My major gripe with this service is that many features are only available if you upgrade to a higher-tier subscription.
Also, instead of a newsletter-style format, I wish the email editor enabled you to send emails that appeared to be sent by you personally.
This is a functionality available in ConvertKit.
However, if you want to automate anything, ActiveCampaign can help.
Jason VandeBoom created ActiveCampaign in 2003.
It started as software that you could buy and install on your own computer.
ActiveCampaign switched to a software as a service (SaaS) architecture in 2013.
ActiveCampaign employs over 500 people and serves over 80,000 clients.
A Comparison of Their Features
Let’s compare and contrast the features of ConvertKit vs ActiveCampaign.
The Similarities of ConvertKit and ActiveCampaign
Both services have several features in common. Let’s start with their commonalities.
To get started with registration forms on your blog, you don’t need a third-party service like OptinMonster.
Both platforms let you build sophisticated email marketing funnels that are triggered by numerous events.
You can divide your audience using tags and other metrics in both ConvertKit and ActiveCampaign.
Both provide you the option of tagging your email subscribers.
To connect their online forms into your blog, both provide WordPress plugins.
Both providers will assist you in transferring your existing configuration from another ESP for free.

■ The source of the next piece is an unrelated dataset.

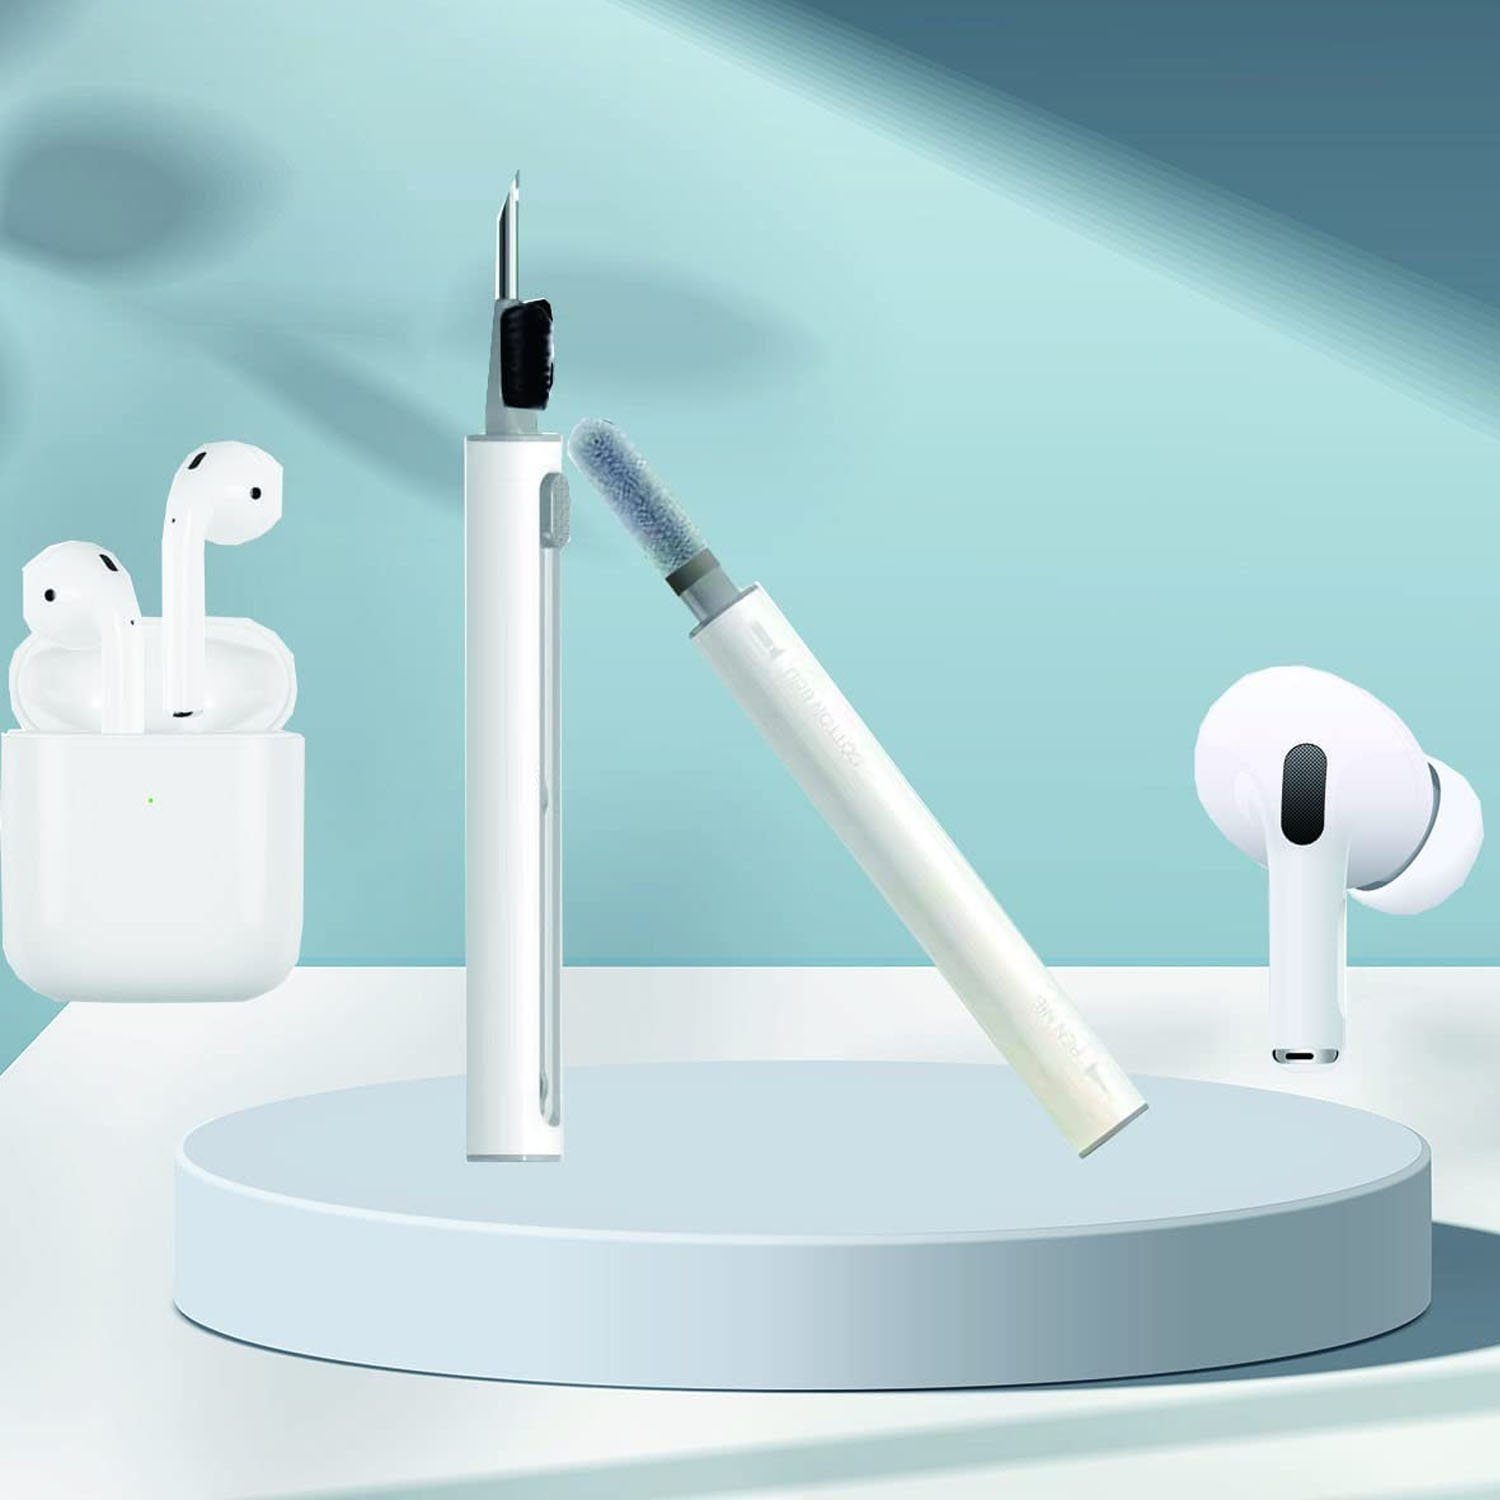 Bluetooth autolock für Kopfhörer Reinigungsbürsten-Set für Airpods Earbuds, Reinigungsset Samsung
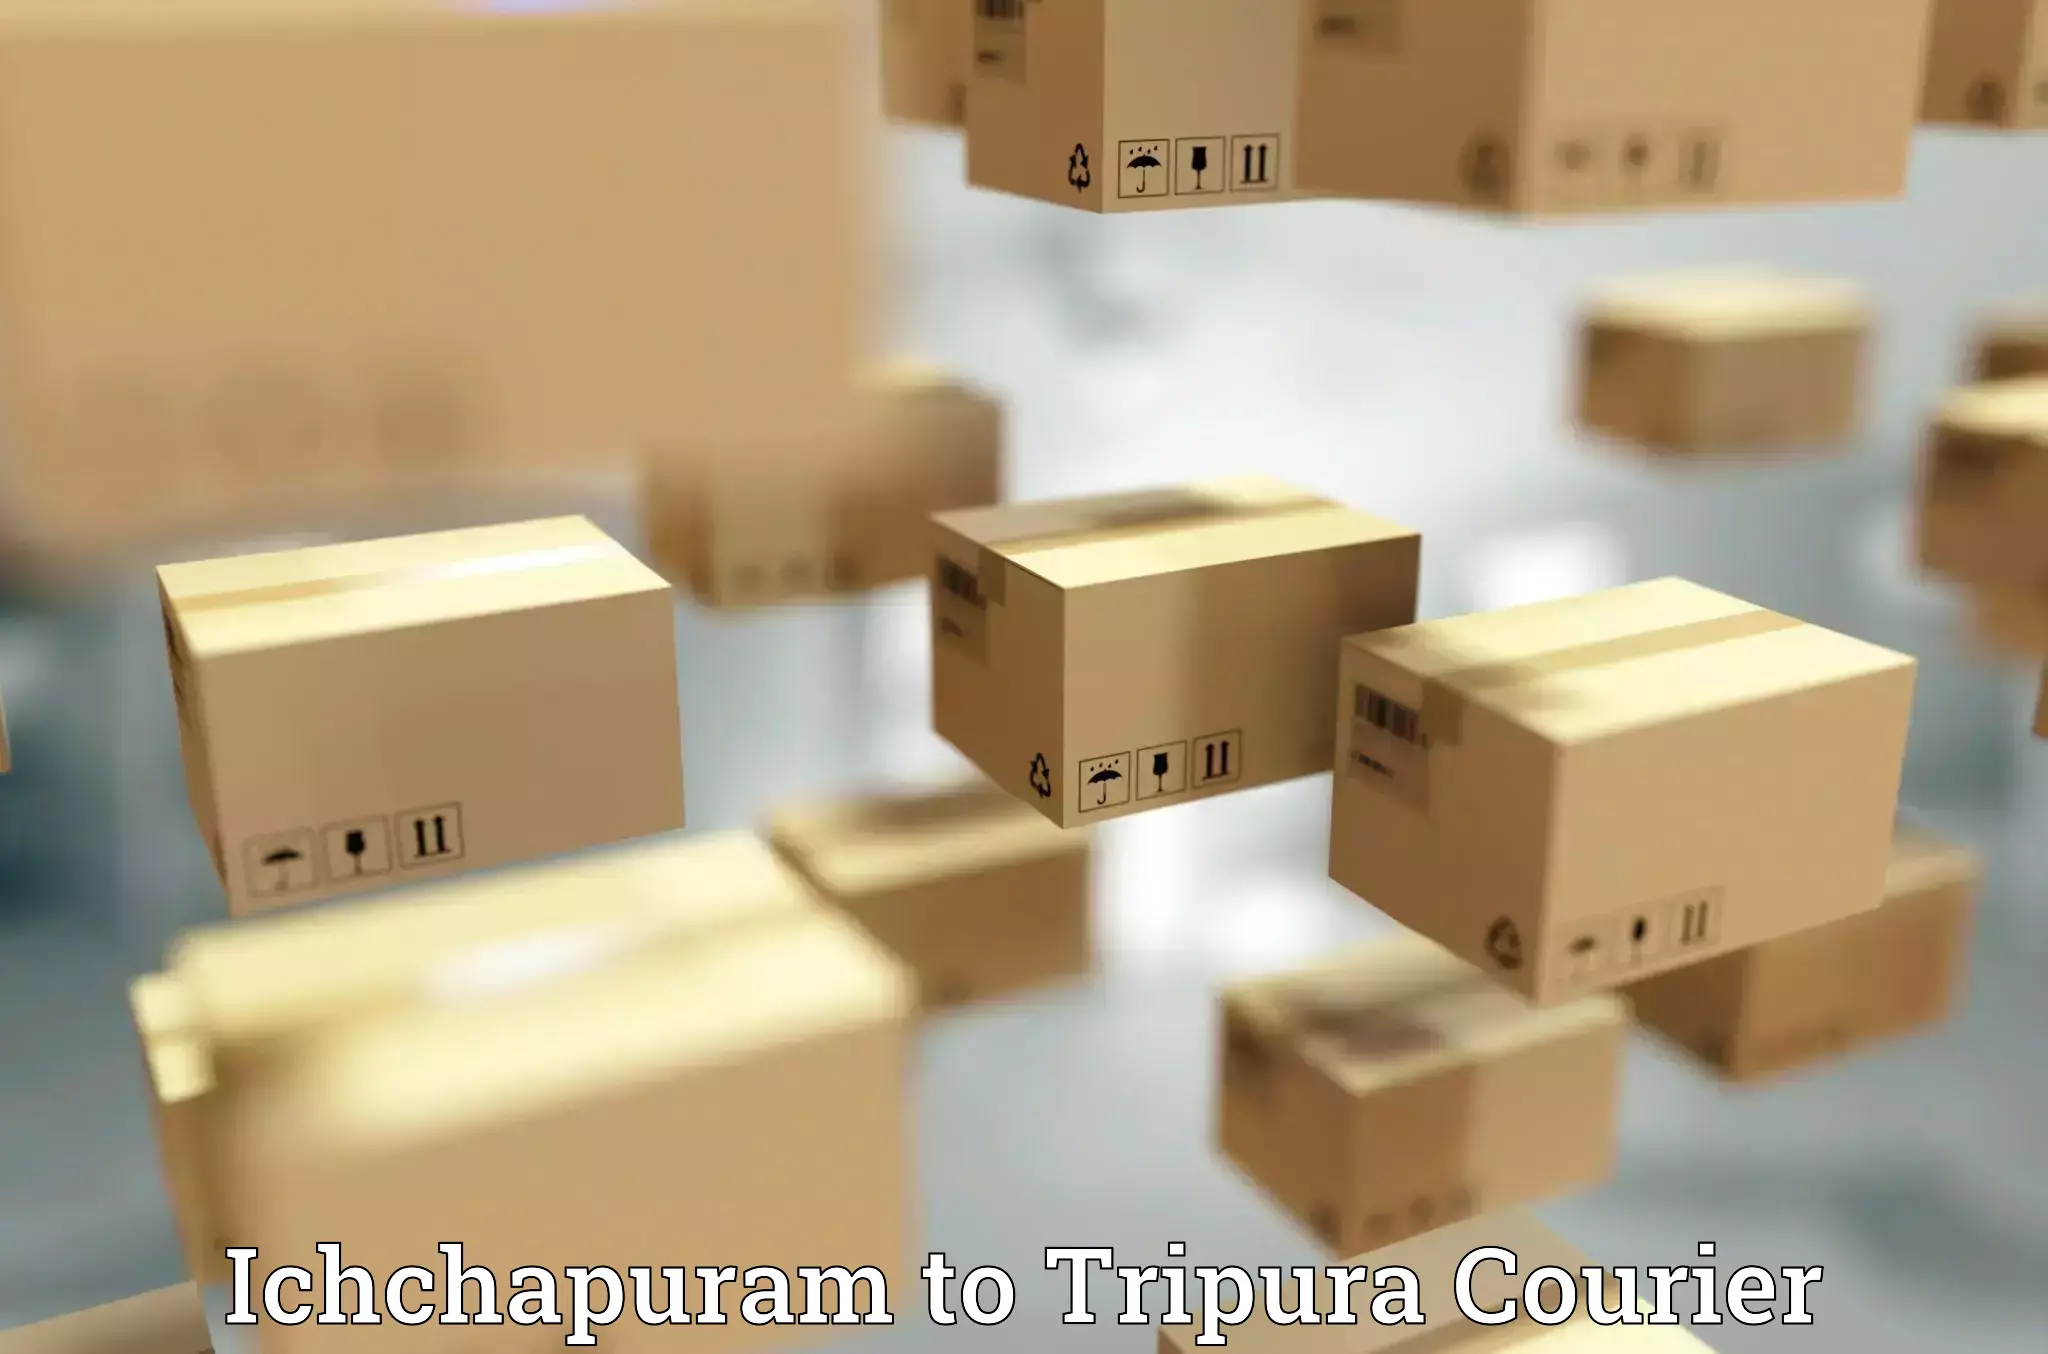 Reliable courier services in Ichchapuram to Ambassa

You can make your broadcast and choose a time for it to go out on both platforms.
With the Plus subscription or higher, ActiveCampaign’s freshly built landing page solution is available.
However, if you’re serious about your landing pages, the capabilities of ConvertKit and ActiveCampaign are restricted.
You might think about selecting a service that has a more professional appearance.
They both allow you to send your latest WordPress blog post to your readership through email.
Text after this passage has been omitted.